In general, <span class="pack">rstanarm</span> is a great tool for translating your standard models into Bayesian ones in an efficient fashion. On the other hand, <span class="pack">brms</span> uses a simplified syntax and is notably more flexible. Here is a brief summary of my recommend use for common regression models.
```{r arm_brms_comparison, echo=FALSE}
tibble(
Analysis = c(
'lm',
'glm',
'multinomial',
'ordinal',
'mixed',
'additive',
'regularized',
'beyond'
),
rstanarm = c('√', '√', '', '', '√', '√', '√', ''),
brms = c('', '', '√', '√', '√', '√', '√', '√')
) %>%
kable(width = '50%', align = 'lcc') %>%
kable_styling(full_width = FALSE)
```
Besides that, if you still need to model complexity not found within those, you can still use them to generate some highly optimized starter code, as they have functions for solely generating the underlying Stan code.
## Even More Packages
I've focused on the two widely-used general-purpose packages, but nothing can stop Stan at this point. As of the latest update to this document, there are now `r length(devtools::revdep('rstan'))` other packages depending on <span class="pack">rstan</span> in some way. There are also interfaces for Python, Julia, and more. Odds are good you'll find one to suit your needs.

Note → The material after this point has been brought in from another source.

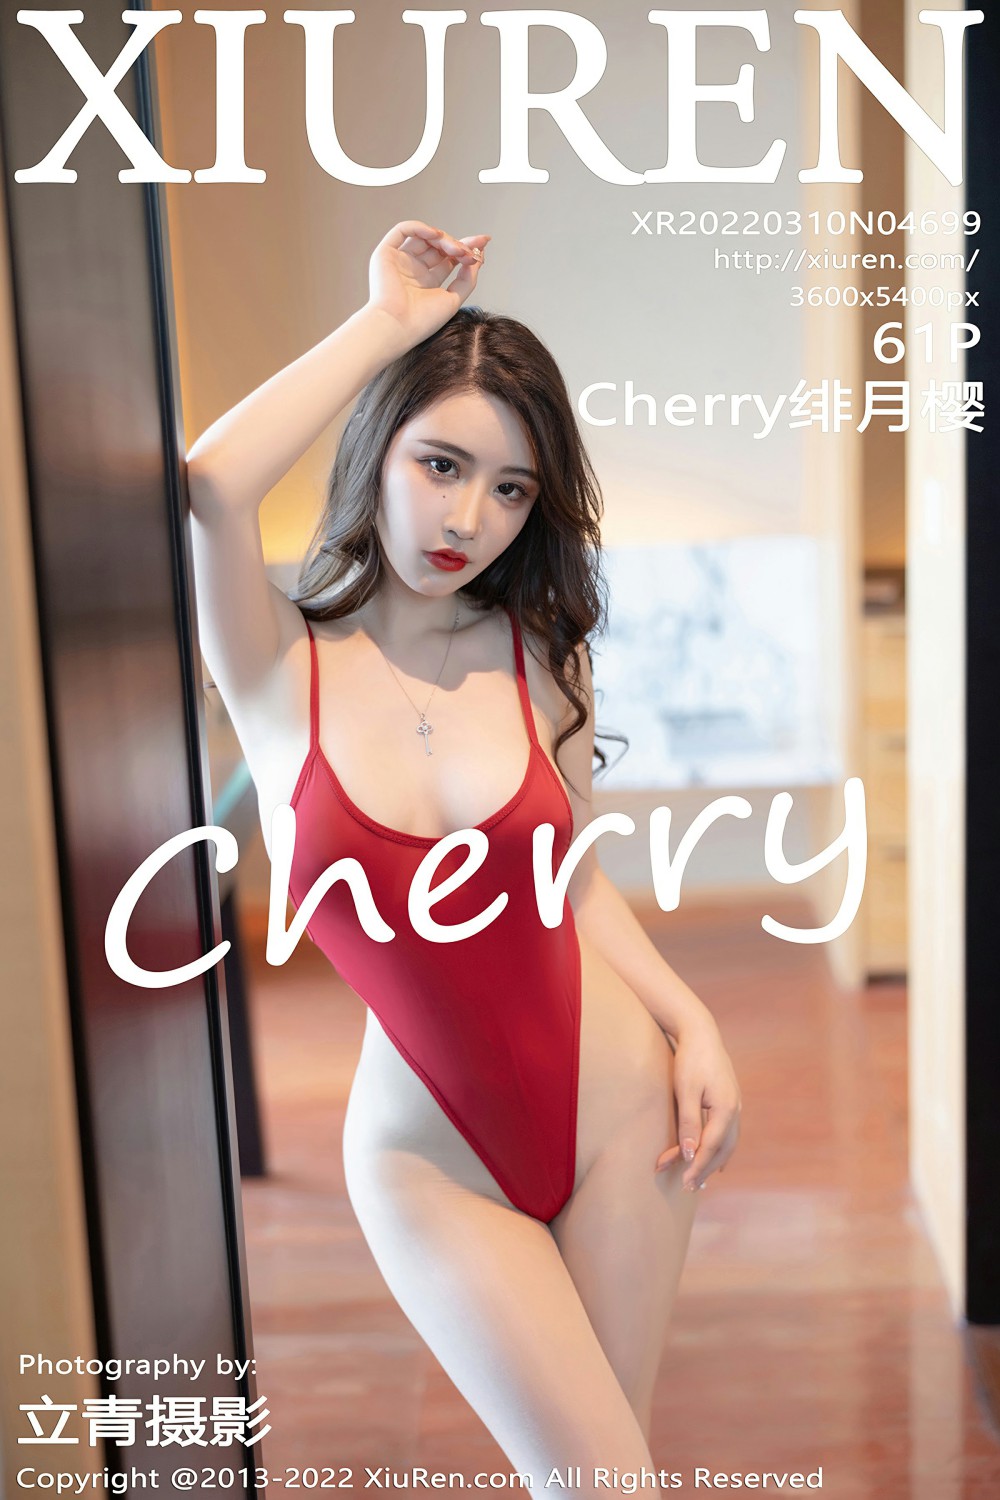 [XiuRen秀人网] 2022.03.10 No.4699 Cherry绯月樱 红色吊带 [61+1P]-第1张图片-宅男套图吧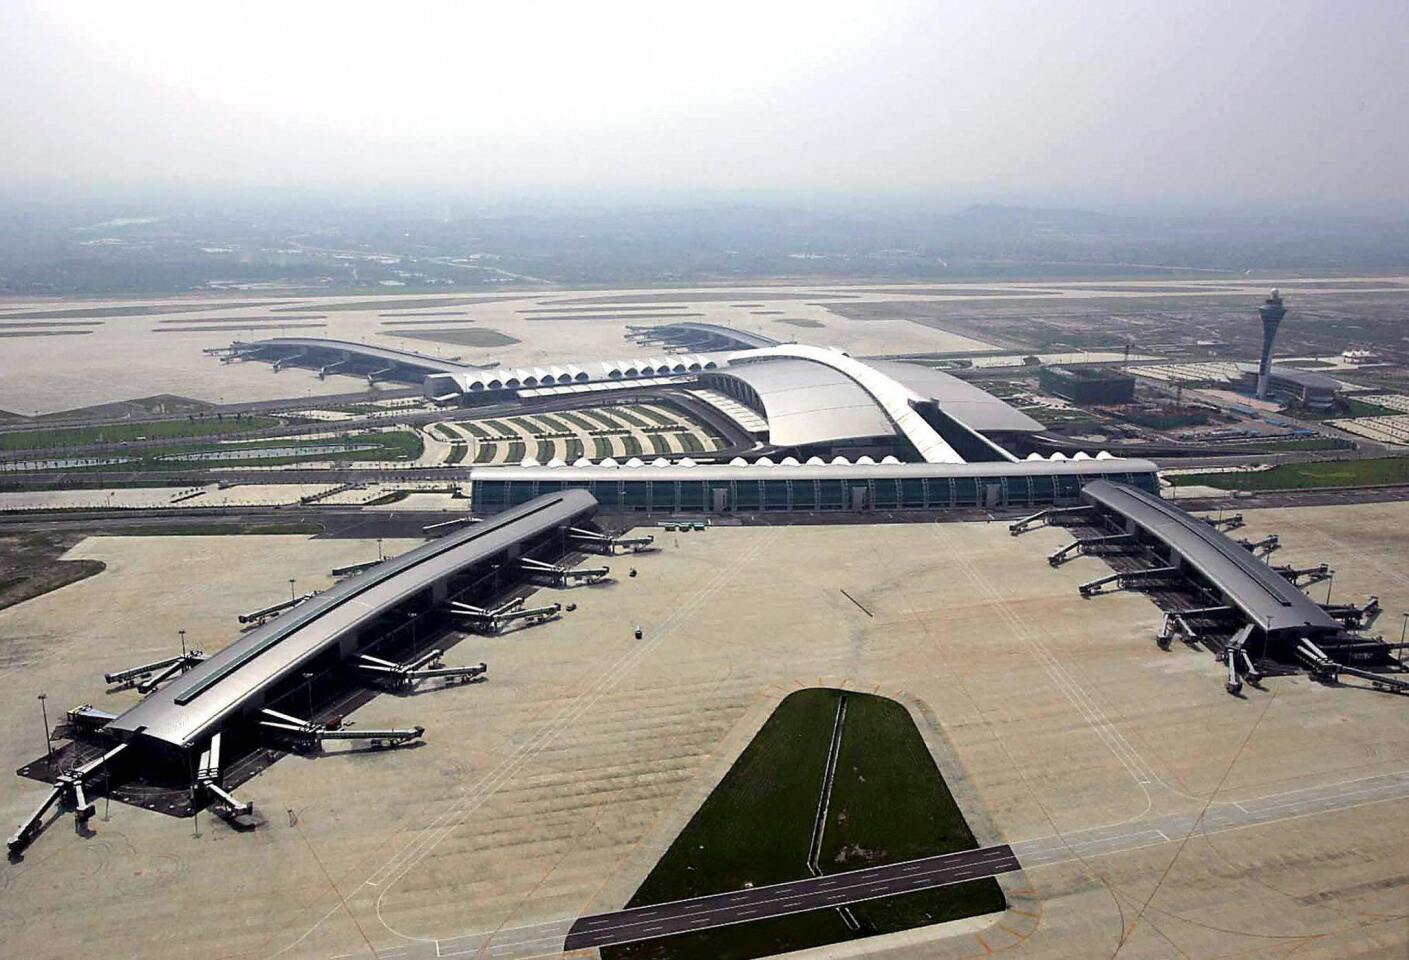 6. Guangzhou Baiyun International Airport in China (CAN)

```{r stan_getgraph, eval=FALSE, echo=FALSE}
# no longer works, and wasn't easily duplicated with e.g. devtools::revdep
get_depgraph = function(pack) {
require(httr)
url = paste0('http://rdocumentation.org/api/packages/', pack, '/reversedependencies')
out = GET(url) %>%
content()
node_df = data.table::rbindlist(out$nodes, fill = TRUE)
edge_df = data.table::rbindlist(out$links, fill = TRUE)
list(node_df=node_df, edge_df=edge_df)
}
stan_depgraph = get_depgraph('rstan')
```
```{r stan_graph, echo=F, eval=F, cache=FALSE}
library(visNetwork)
nodes = stan_depgraph$node_df %>%
rename(label=name) %>%
rownames_to_column(var='id') %>%
mutate(id=as.integer(id)-1)
edges = stan_depgraph$edge_df %>%
rename(from=source,
to=target)
listed_packs = c('brms', 'bayesplot', 'rstanarm', 'shinystan', 'loo', 'tidybayes', 'rethinking')
edges_trim = edges %>%
filter(to == 0) %>%
mutate(value = if_else(from %in% nodes$id[nodes$label %in% listed_packs], 30L, value),
length = if_else(from %in% nodes$id[nodes$label %in% listed_packs], 0, 250))
nodes_trim = nodes %>%
filter(id %in% c(0, edges_trim$from)) %>%
mutate(value=c(100, rep(0, nrow(.)-1)),
value = if_else(label %in% listed_packs, 30, value))
visNetwork(nodes = nodes_trim,
edges=edges_trim) %>%
visEdges(color=list(opacity=.10),
# length = c(200,10),
physics = TRUE)
```
[^stan_lm_vignette]: The developers note in their [vignette for ANOVA](https://cran.r-project.org/web/packages/rstanarm/vignettes/aov.html):<br><br>'but it is reasonable to expect a researcher to have a plausible guess for R2 before conducting an ANOVA.'<br><br> Actually, I'm not sure how reasonable this is. In consulting I've seen many, many researchers of varying levels of expertise, and I don't think even a large minority of them would be able to hazard much of a guess about $R^2$ before running a model, unless they're essentially duplicating previous work. I also haven't come across an explanation in the documentation (which is otherwise great) of how to specify it that would be very helpful to people just starting out with Bayesian analysis or even statistics in general. If the result is that one then has to try a bunch of different priors, then that becomes the focus of the analytical effort, which likely won't appeal to people just wanting to run a standard regression model.
[^r2_polr]: If someone tells me they know what the prior should be for that, I probably would not believe them.